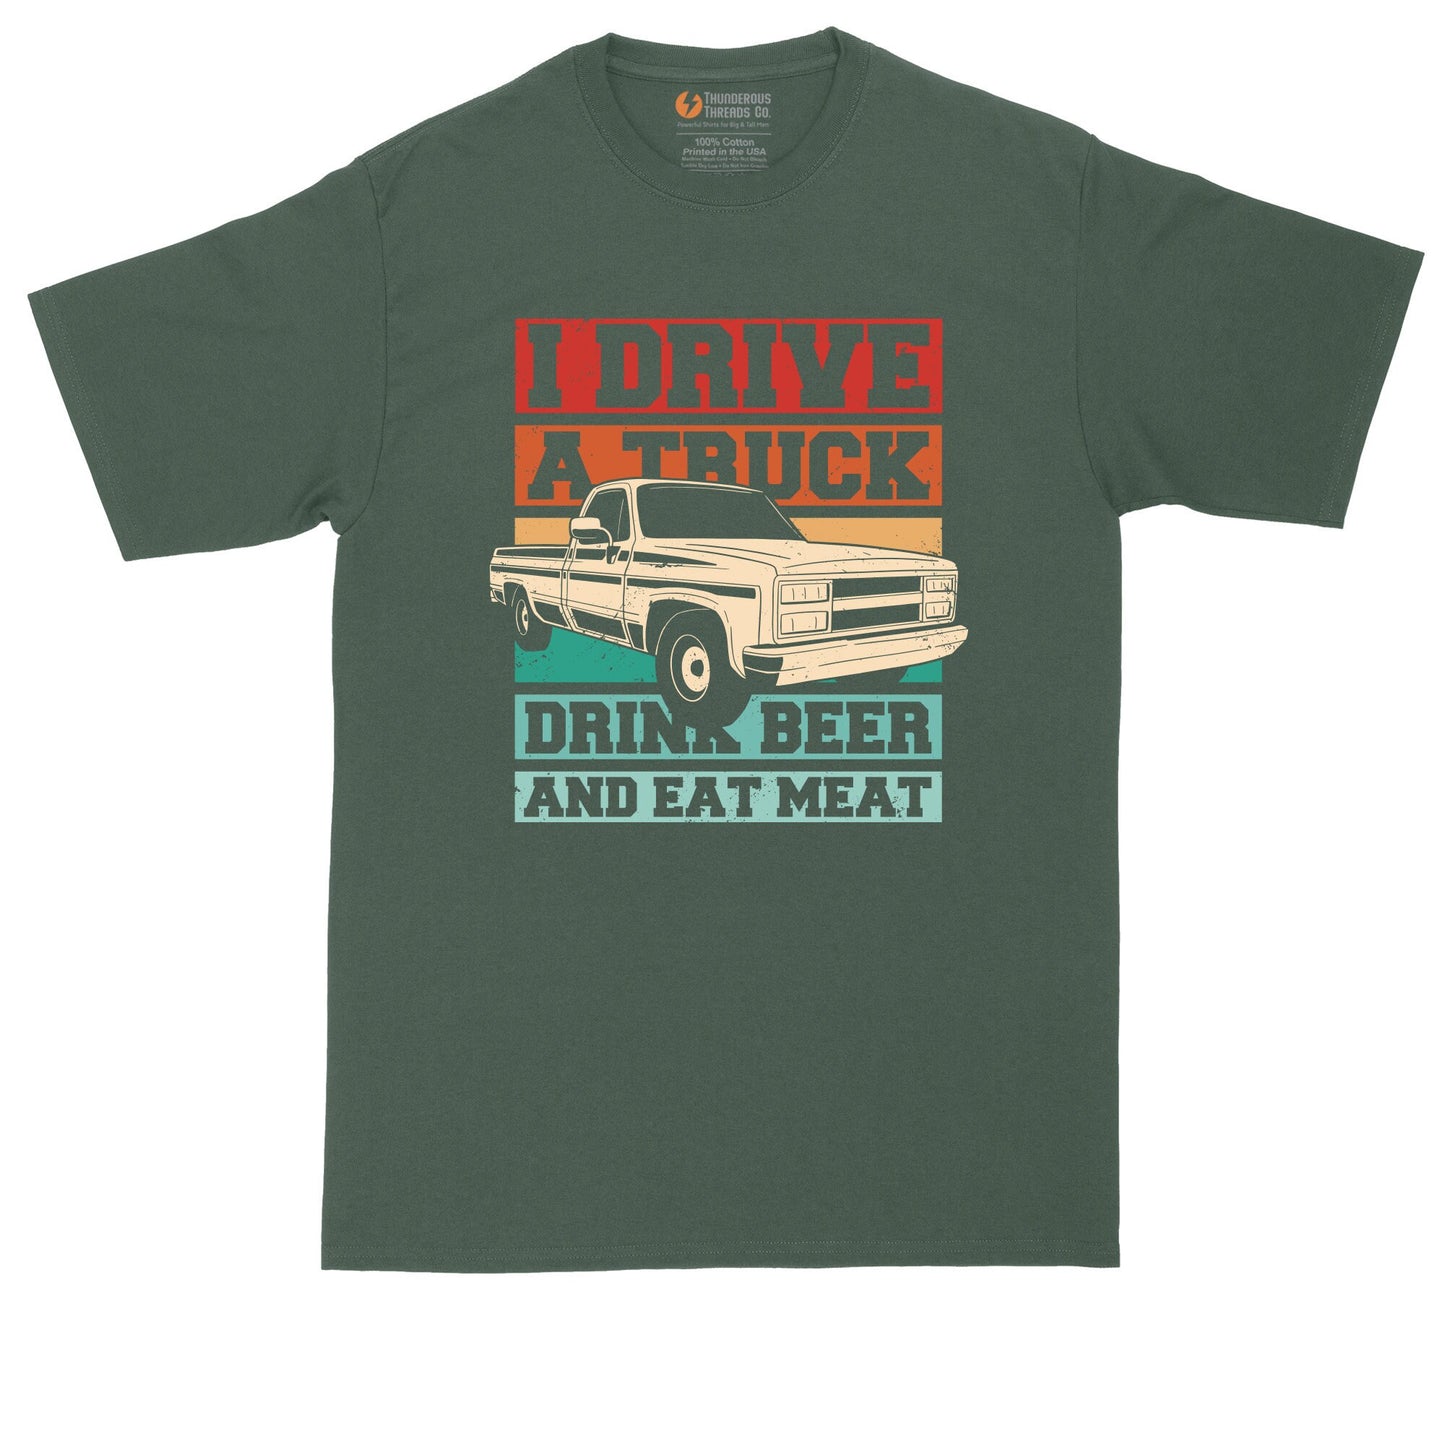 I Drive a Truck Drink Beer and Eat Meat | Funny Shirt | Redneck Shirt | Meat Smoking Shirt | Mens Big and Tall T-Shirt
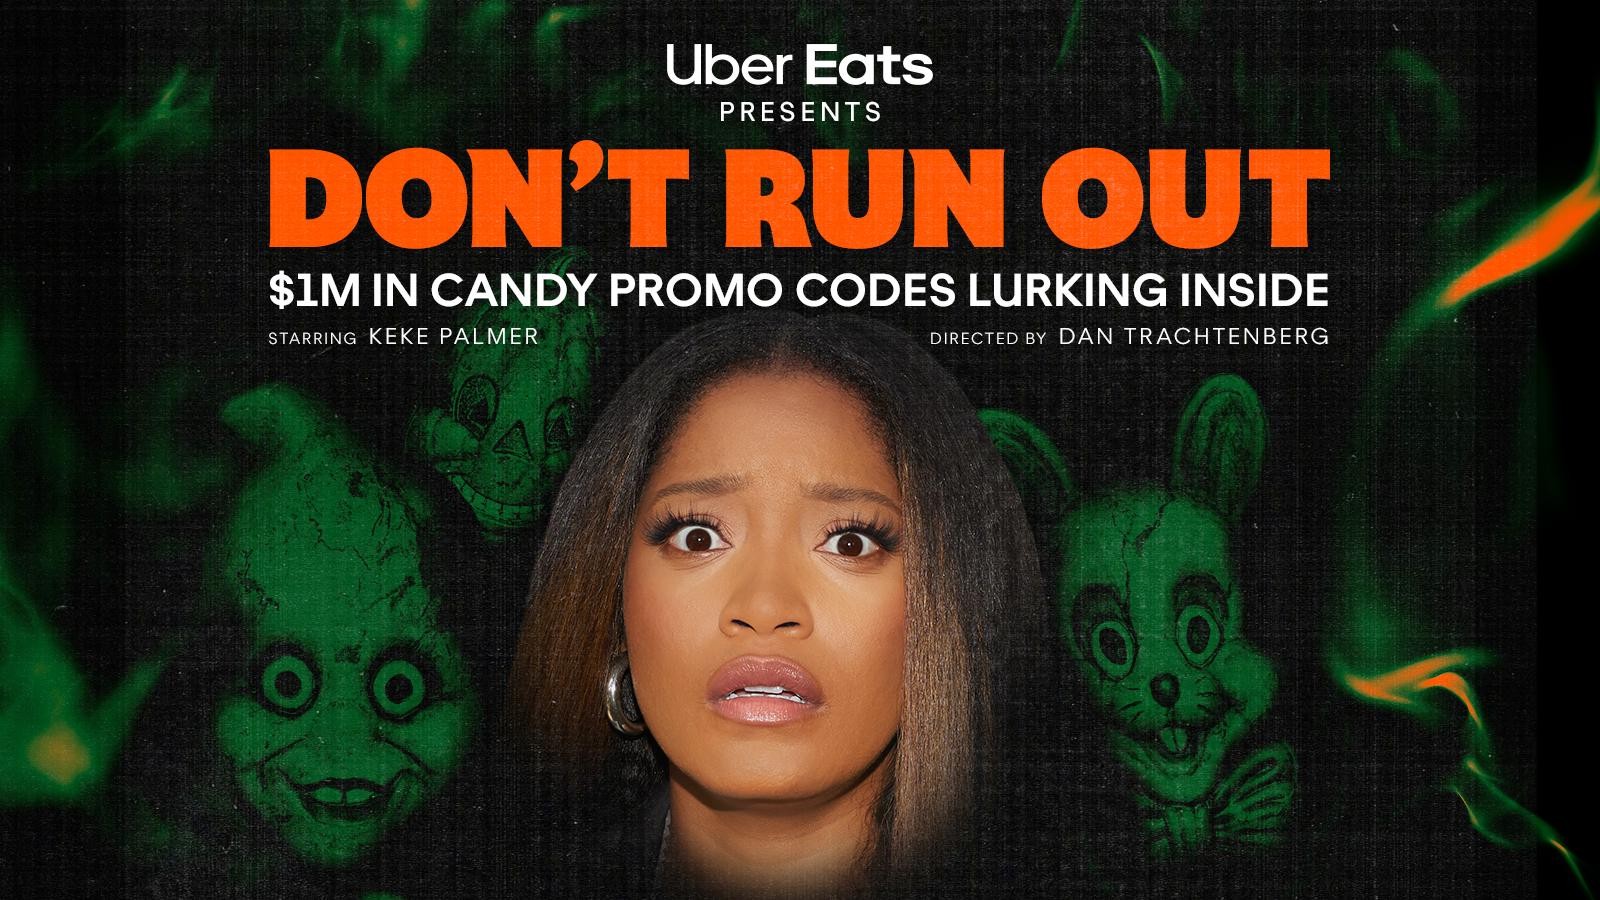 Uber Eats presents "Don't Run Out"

--

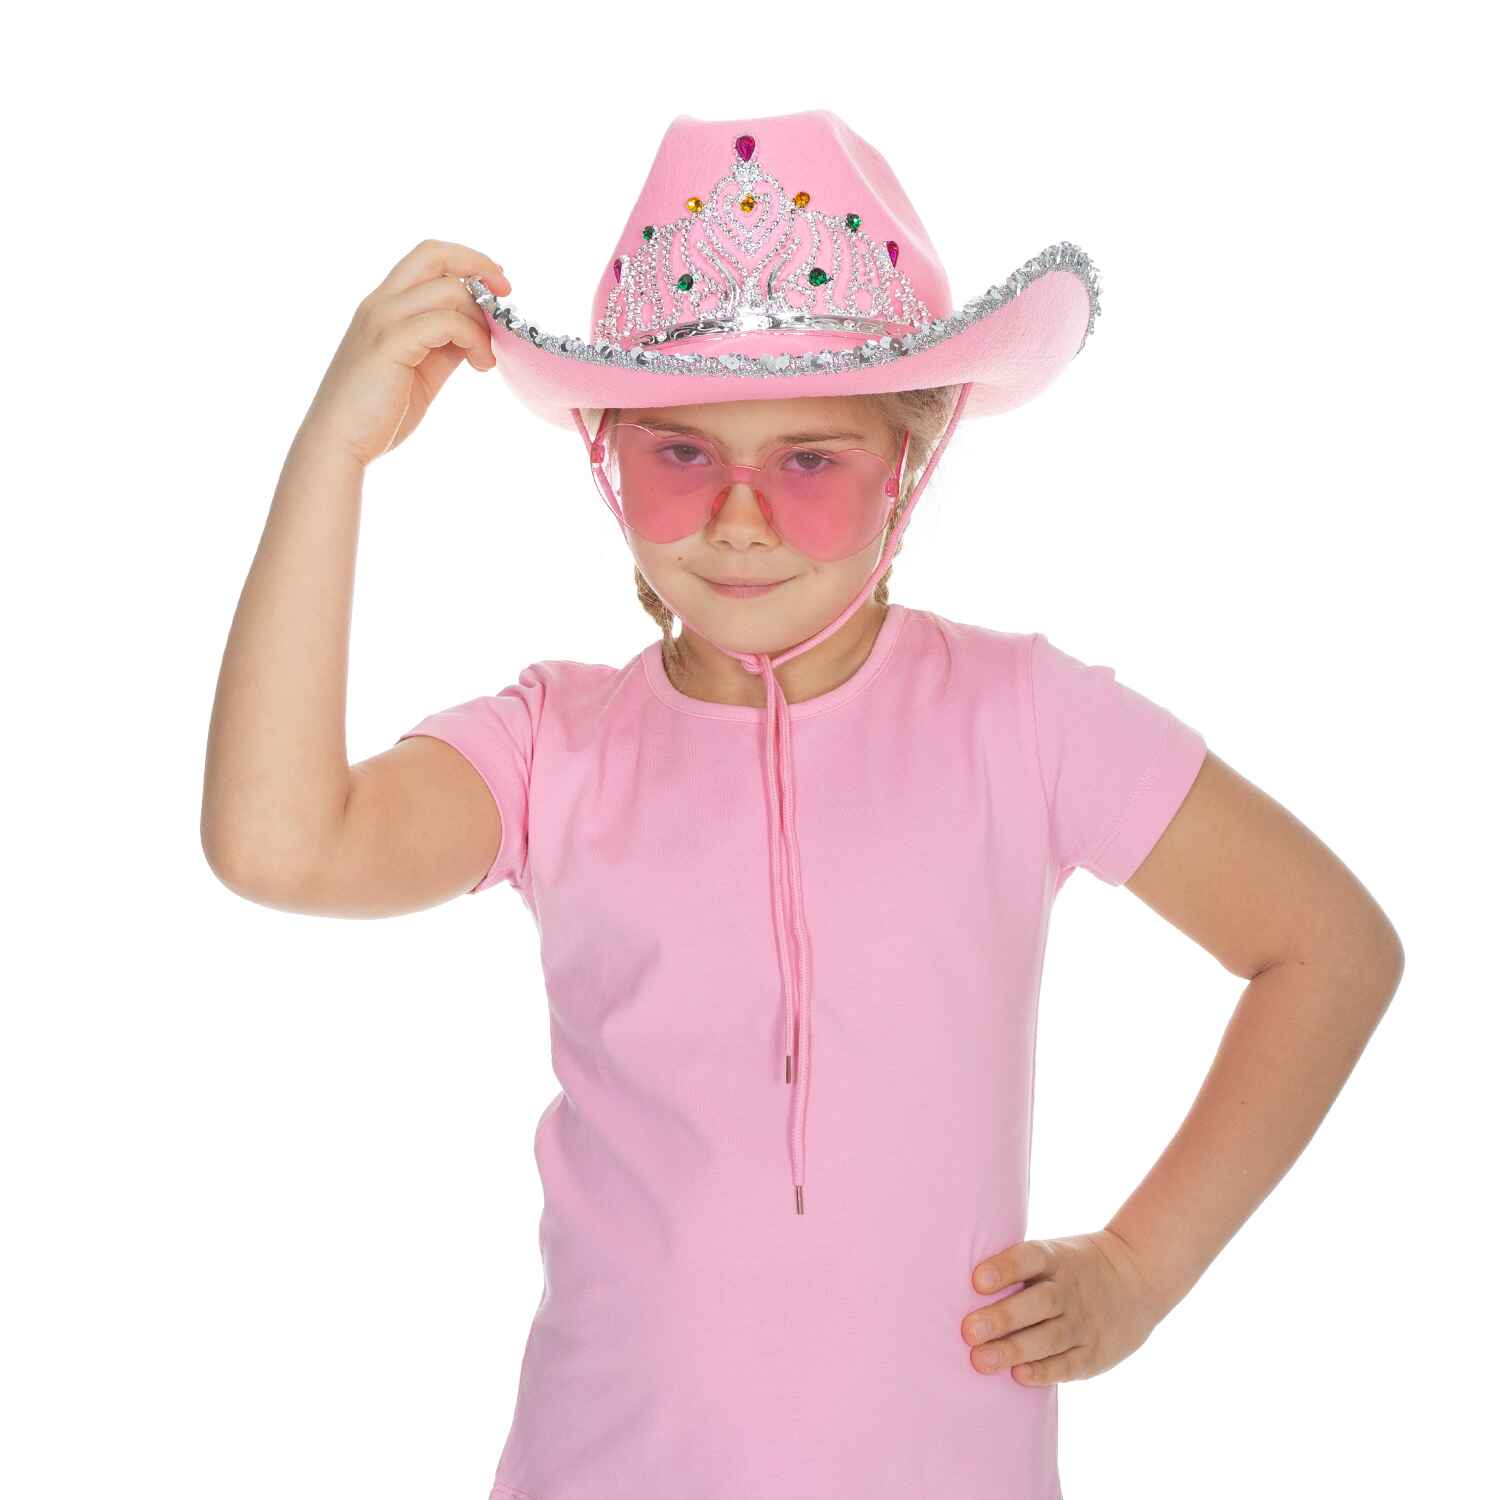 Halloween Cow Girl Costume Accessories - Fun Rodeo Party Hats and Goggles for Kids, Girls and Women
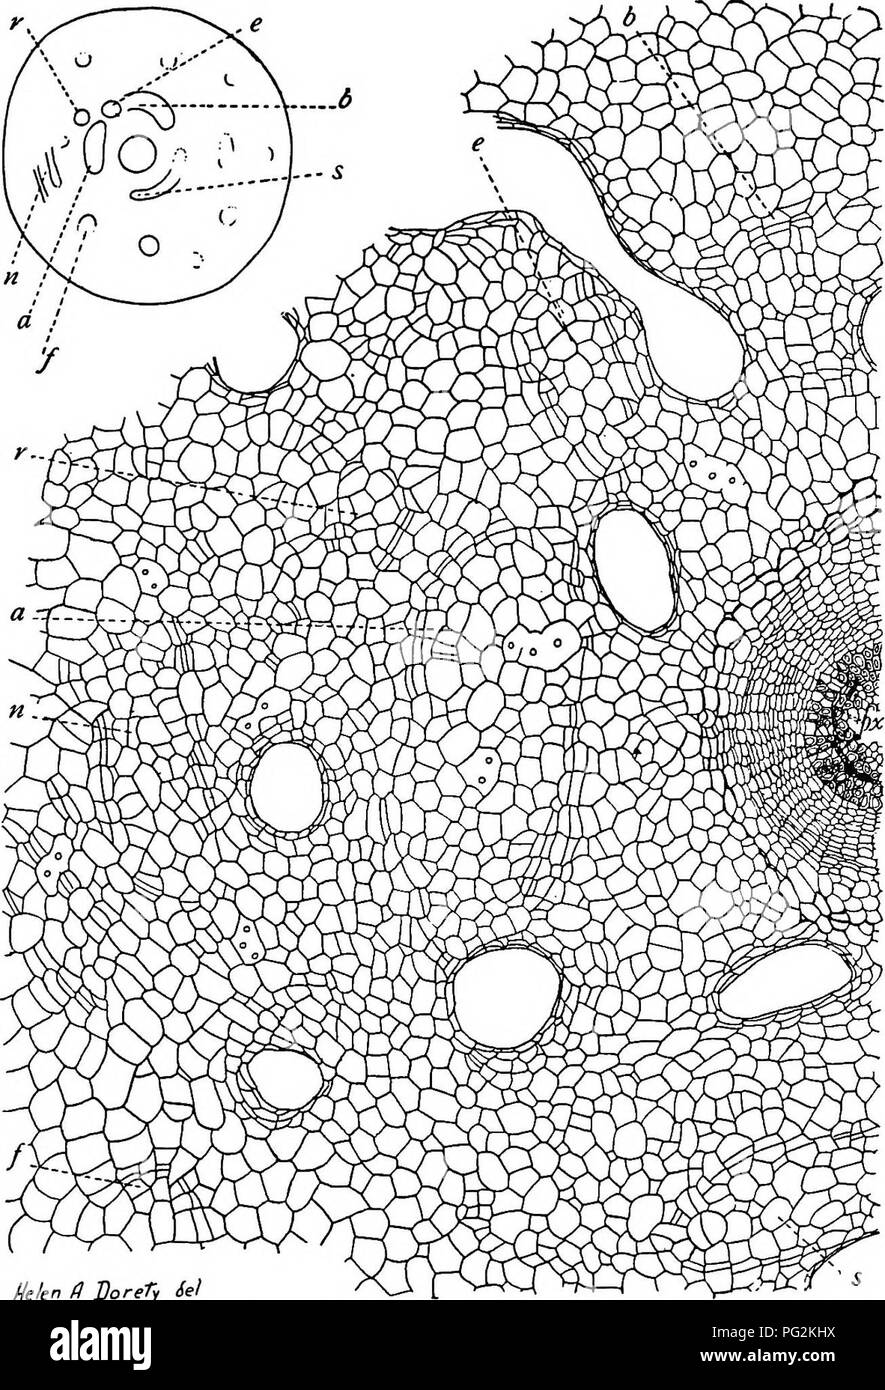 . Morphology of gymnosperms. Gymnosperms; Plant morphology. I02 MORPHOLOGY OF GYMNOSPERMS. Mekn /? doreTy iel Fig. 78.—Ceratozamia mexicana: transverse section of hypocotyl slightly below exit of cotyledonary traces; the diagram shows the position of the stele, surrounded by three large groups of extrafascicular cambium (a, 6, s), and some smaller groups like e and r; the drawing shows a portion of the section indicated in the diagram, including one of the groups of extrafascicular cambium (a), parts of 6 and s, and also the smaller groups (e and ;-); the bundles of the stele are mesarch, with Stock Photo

--

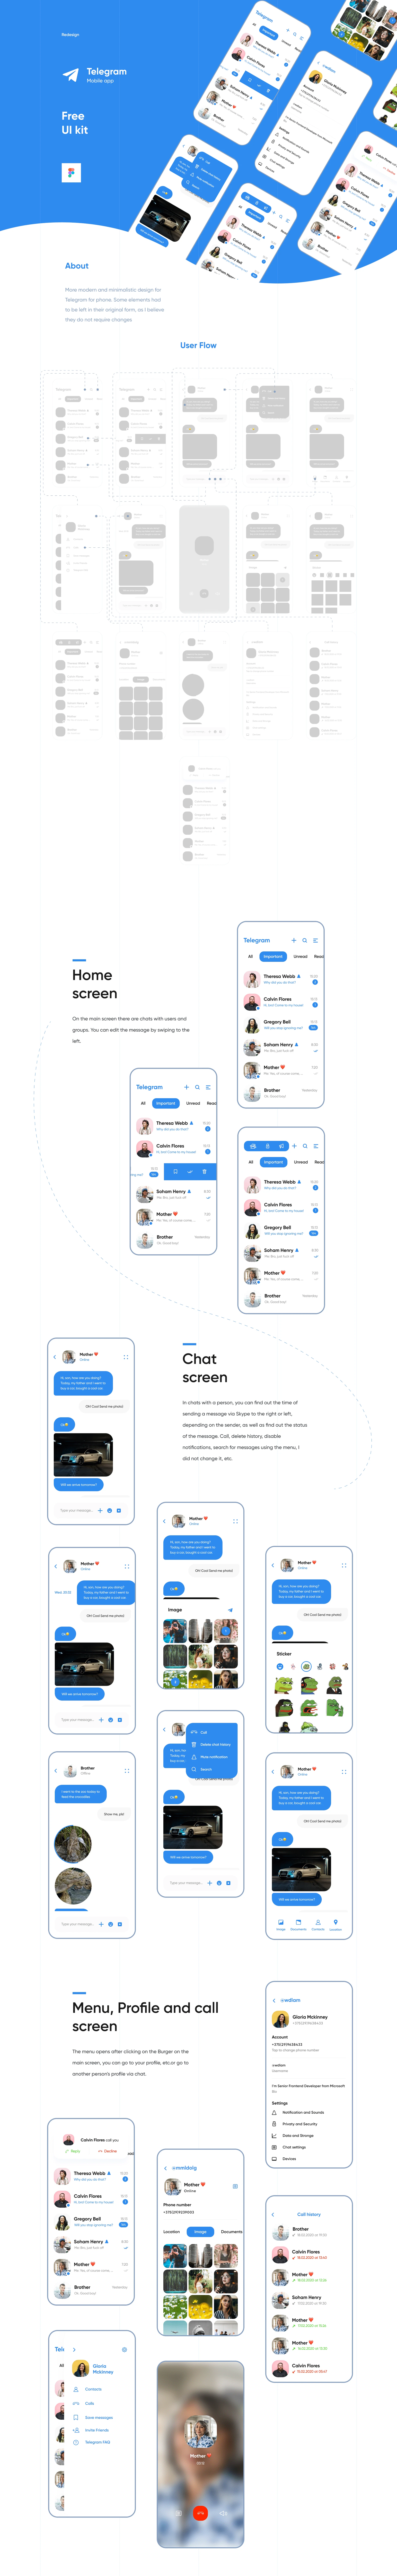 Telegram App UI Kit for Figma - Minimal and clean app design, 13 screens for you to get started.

### WHAT NEEDS TO BE DONE
Those lines of the records above that run from the one containing "I Drive a Truck" through the one containing "Uber Eats presents" should be returned exactly, with no pictures among them.

### TASK RESPONSE
 I Drive a Truck Drink Beer and Eat Meat | Funny Shirt | Redneck Shirt | Meat Smoking Shirt | Mens Big and Tall T-Shirt
 Uber Eats presents "Don't Run Out"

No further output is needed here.